I have a query regarding the Laplace (double exponential) distribution.

I have conducted some experiments measuring the orientation of fibres within a material. The orientations are biased towards 0 degrees. I have summarised the orientations in a histogram between (Pi/2) and (-Pi/2) and then fitted a curve to the data to give me a continuous function. I used NLREG non-linear regression software to do this.

Upon first inspection, the experimental data appeared to follow a normal distribution, but this gave a poor fit for intermediate orientations between 0.35-1.22 radians. A Laplace distribution (double exponential distribution) was selected as the most appropriate model, based on the coefficient of determination values (R2). It was assumed that the fibre orientations were symmetrical about the origin (i.e. the probability of 0.5 radians is the same as for -0.5 radians).
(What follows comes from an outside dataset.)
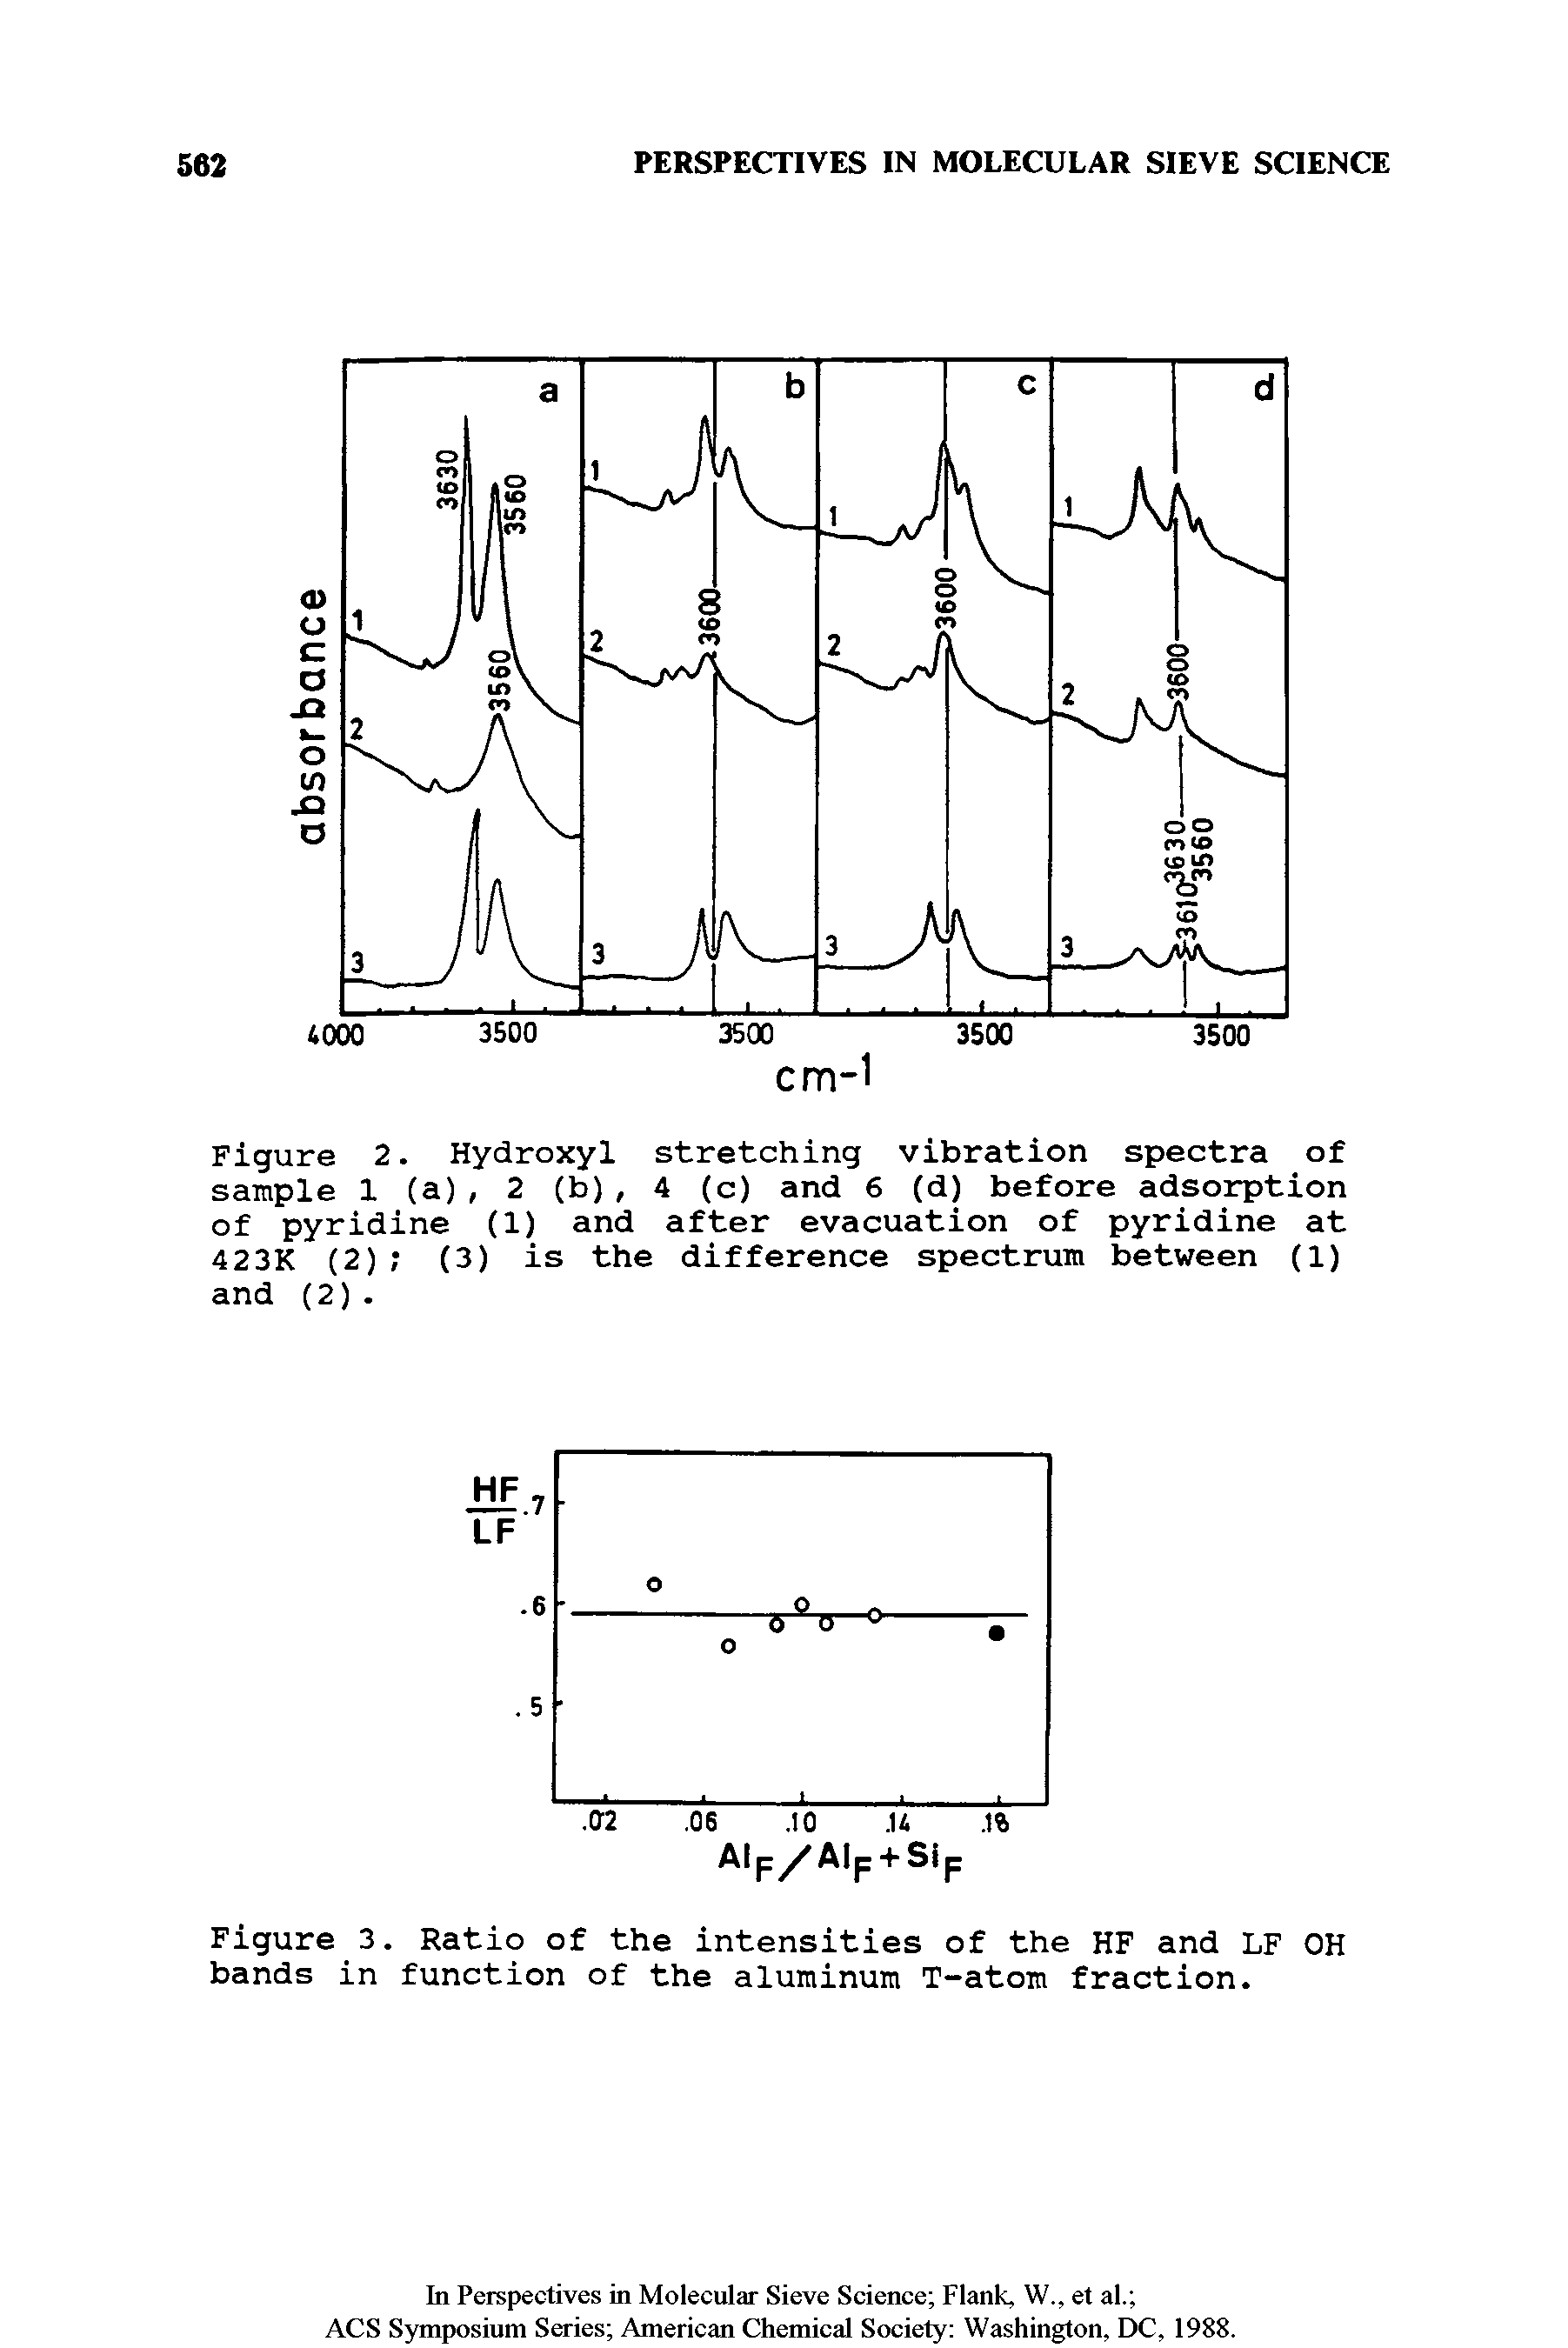 Figure 2. Hydroxyl stretching vibration spectra of sample 1 (a), 2 (b), 4 (c) and 6 (d) before adsorption of pyridine (1) and after evacuation of pyridine at 4 23K (2) (3) is the difference spectrum between (1)...
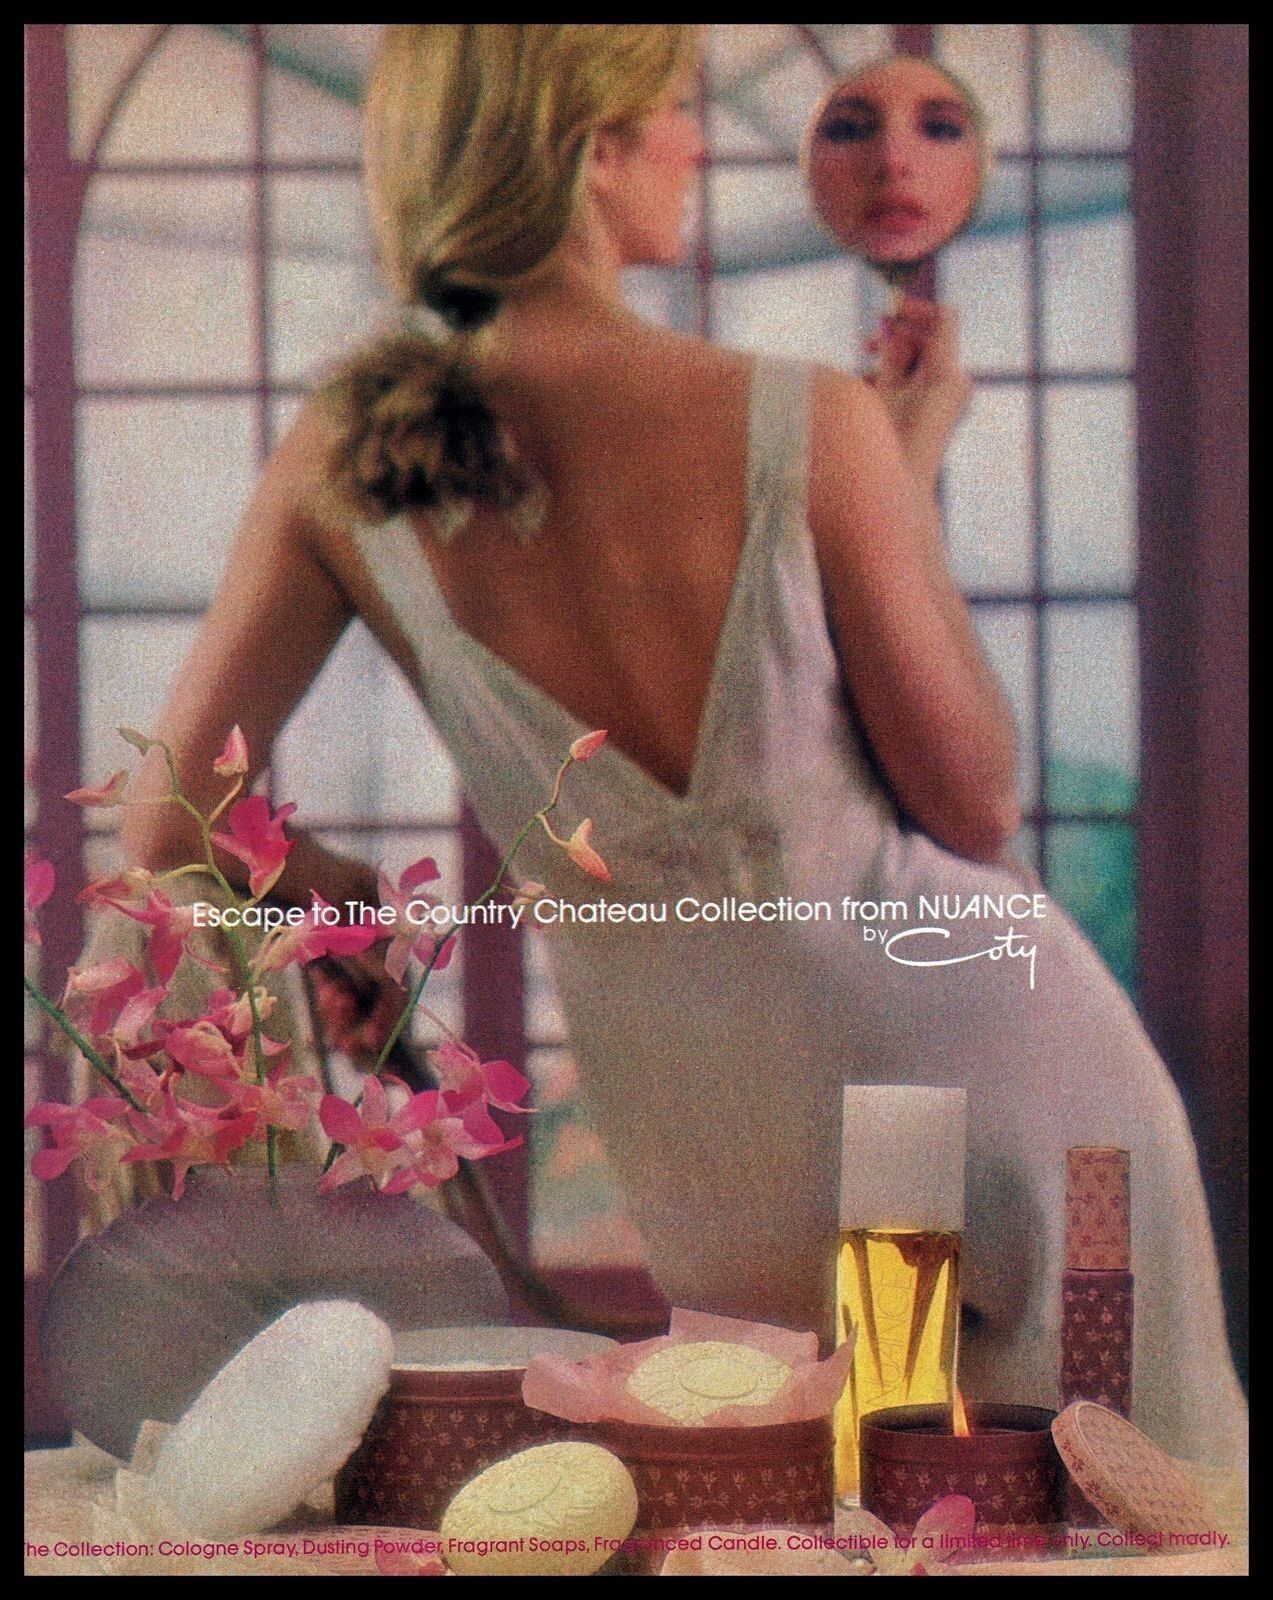 1983 Coty Nuance Perfume Vintage PRINT AD Country Chateau Collection Woman 1980s

All was fine up to this point.

I then submitted the results in a scientific journal and I got the following response form one of the reviewers:

"It is troublesome to see the sharp tip on the density curves – implying that the change rate of the probability density is infinite at the center, something first impossible and also a reflection of ignorance about the probability distributions."

I presume what he is talking about is that when you differentiate the Laplace distribution there is no solution at zero.

In the current context why does this matter? All I am doing is plotting probability against orientation, between (Pi/2) and (-Pi/2). Personally, I am not interested in the differential. I have successfully integrated the distribution to find the percentage of fibres between +10degrees and -10degrees, but why would I ever need to differentiate it? Am I missing something vital?

I am happy to challenge the reviewer on this point, but I first want to check that I am correct, especially since he has already implied that I am ignorant .